19. A method according to claim 18 wherein said fusion protein is provided with a secretion signal to facilitate the purification of the fusion protein from said cell.
20. A method according to claim 19 wherein said fusion protein is provided with an affinity tag to facilitate the purification of the fusion protein from said cell or the cell culture medium.

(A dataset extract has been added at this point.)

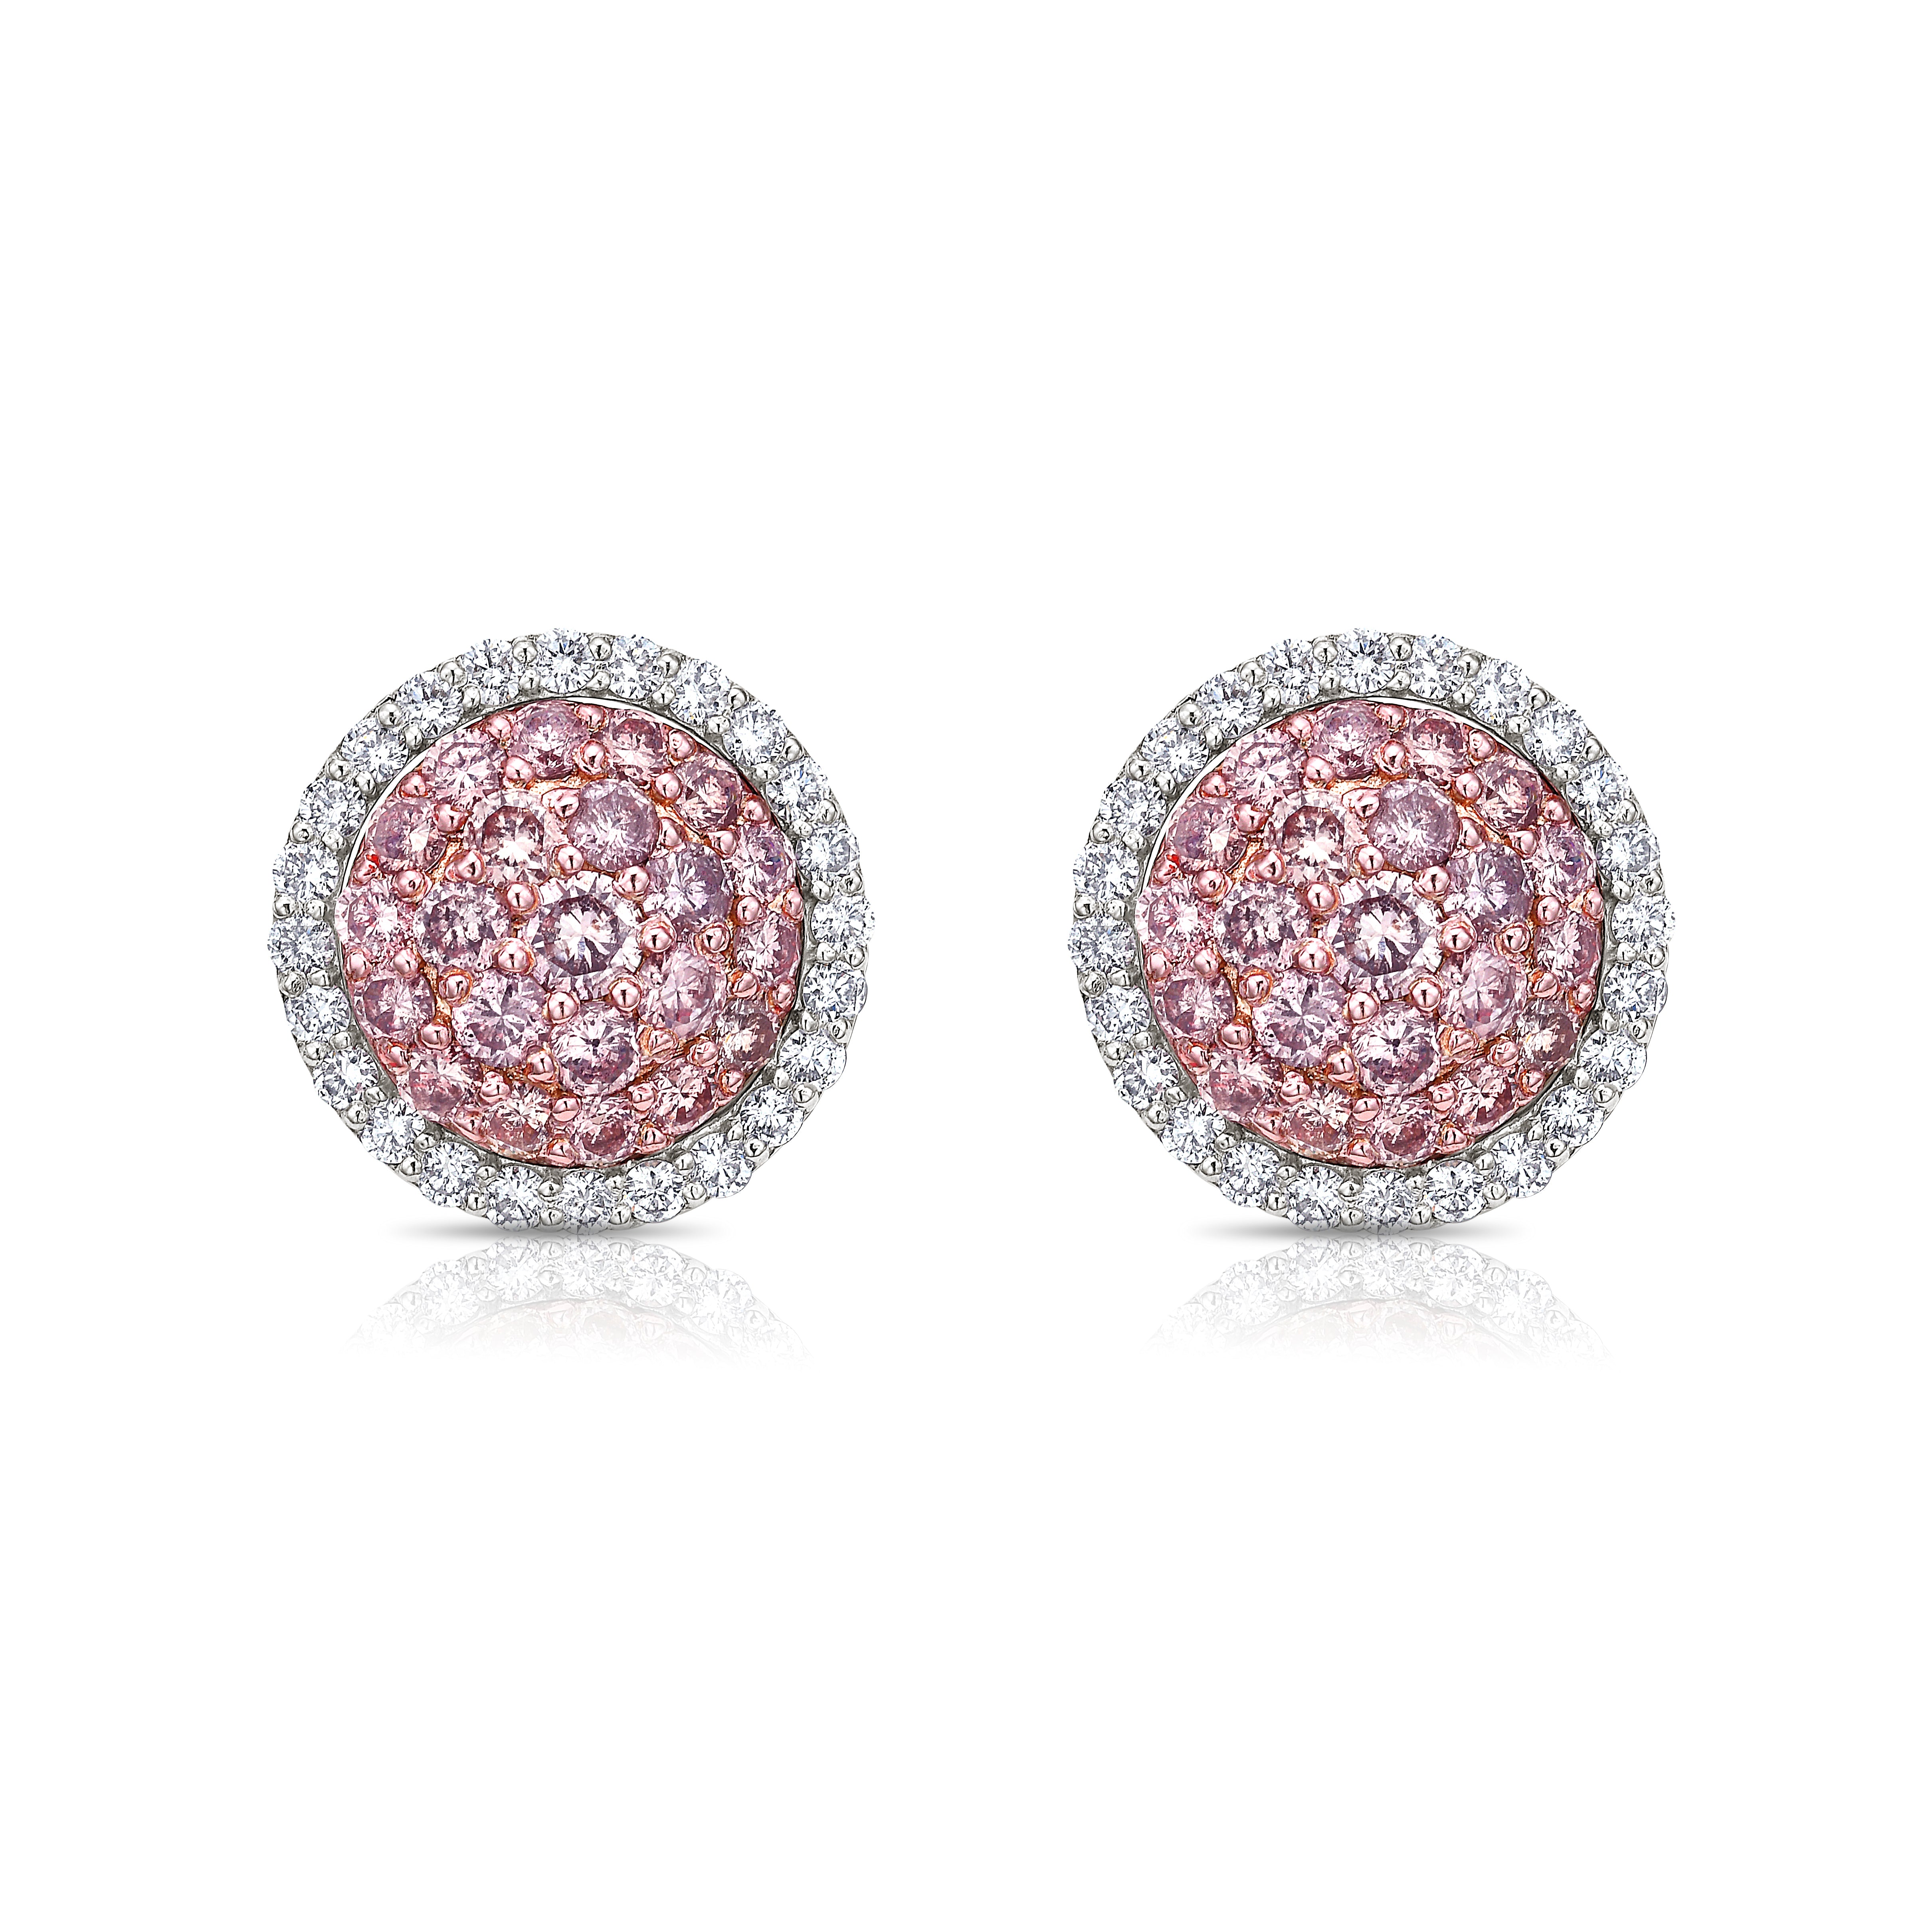 Pink Diamond Jewelry - Natural Pink Diamond Jewelry – Rare Colors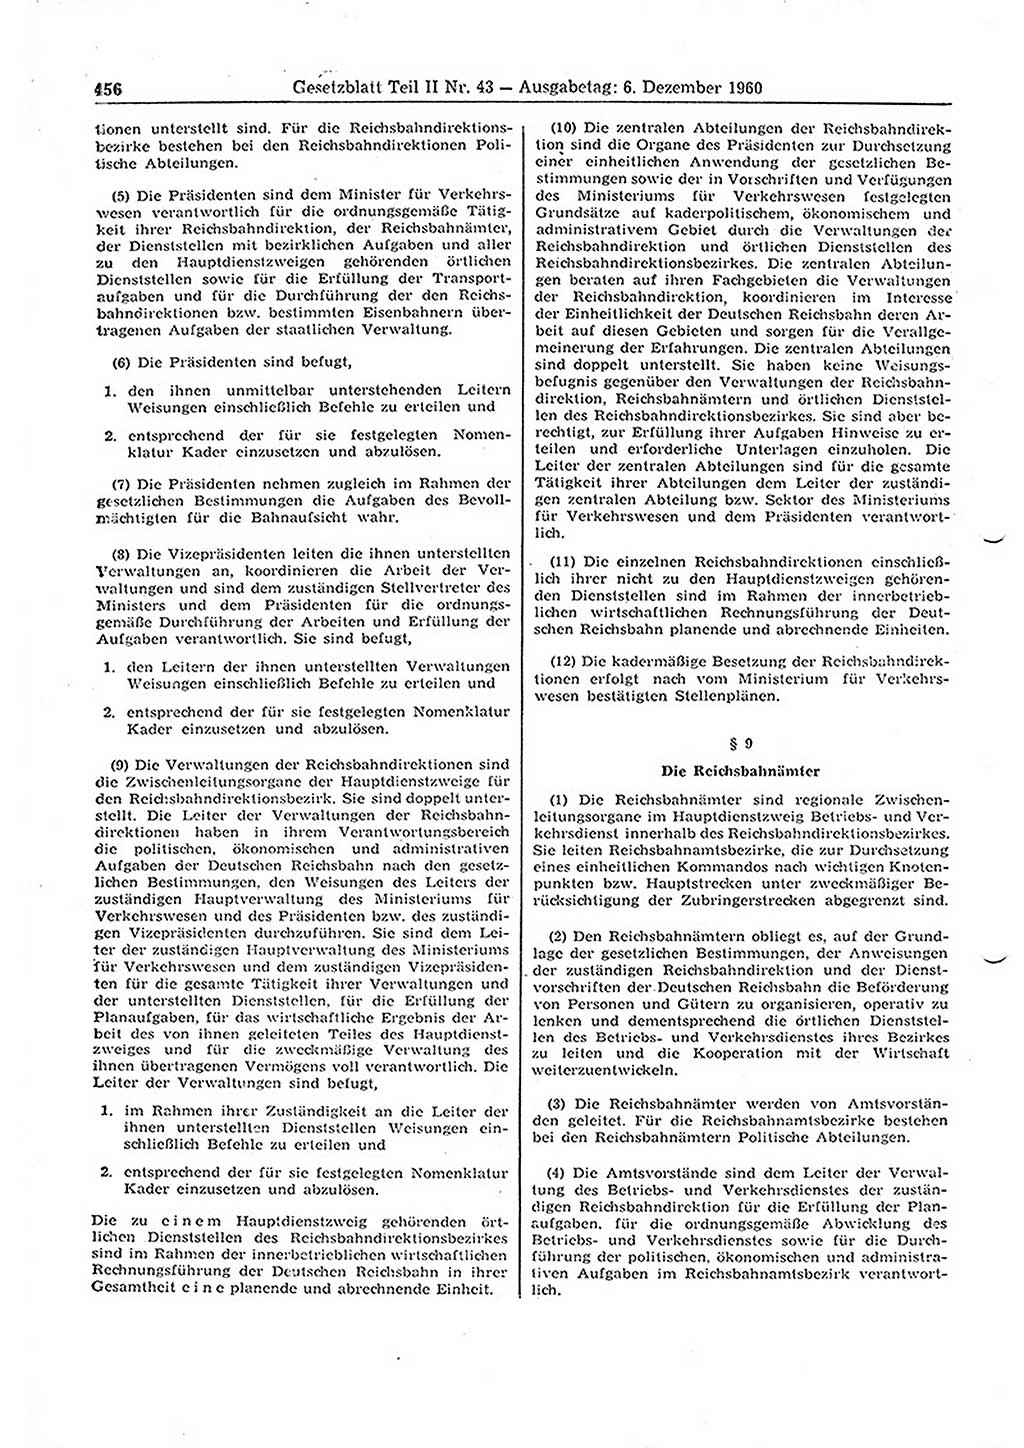 Gesetzblatt (GBl.) der Deutschen Demokratischen Republik (DDR) Teil ⅠⅠ 1960, Seite 456 (GBl. DDR ⅠⅠ 1960, S. 456)

21. A fusion protein according to claim 1 comprising an inframe translational fusion of:

    i) a modified growth hormone wherein said modification is a substitution of: histidine 18 with aspartic acid, histidine 21 with asparagine, glycine 120 with arginine, arginine 167 with asparagine, lysine 168 with alanine, aspartic acid 171 with serine, lysine 172 with arginine, glutamic acid 174 with serine and isoleucine 179 with threonine; and

    ii) a part of growth hormone receptor [GHR] comprising the C-terminal SD100 domain of GHR.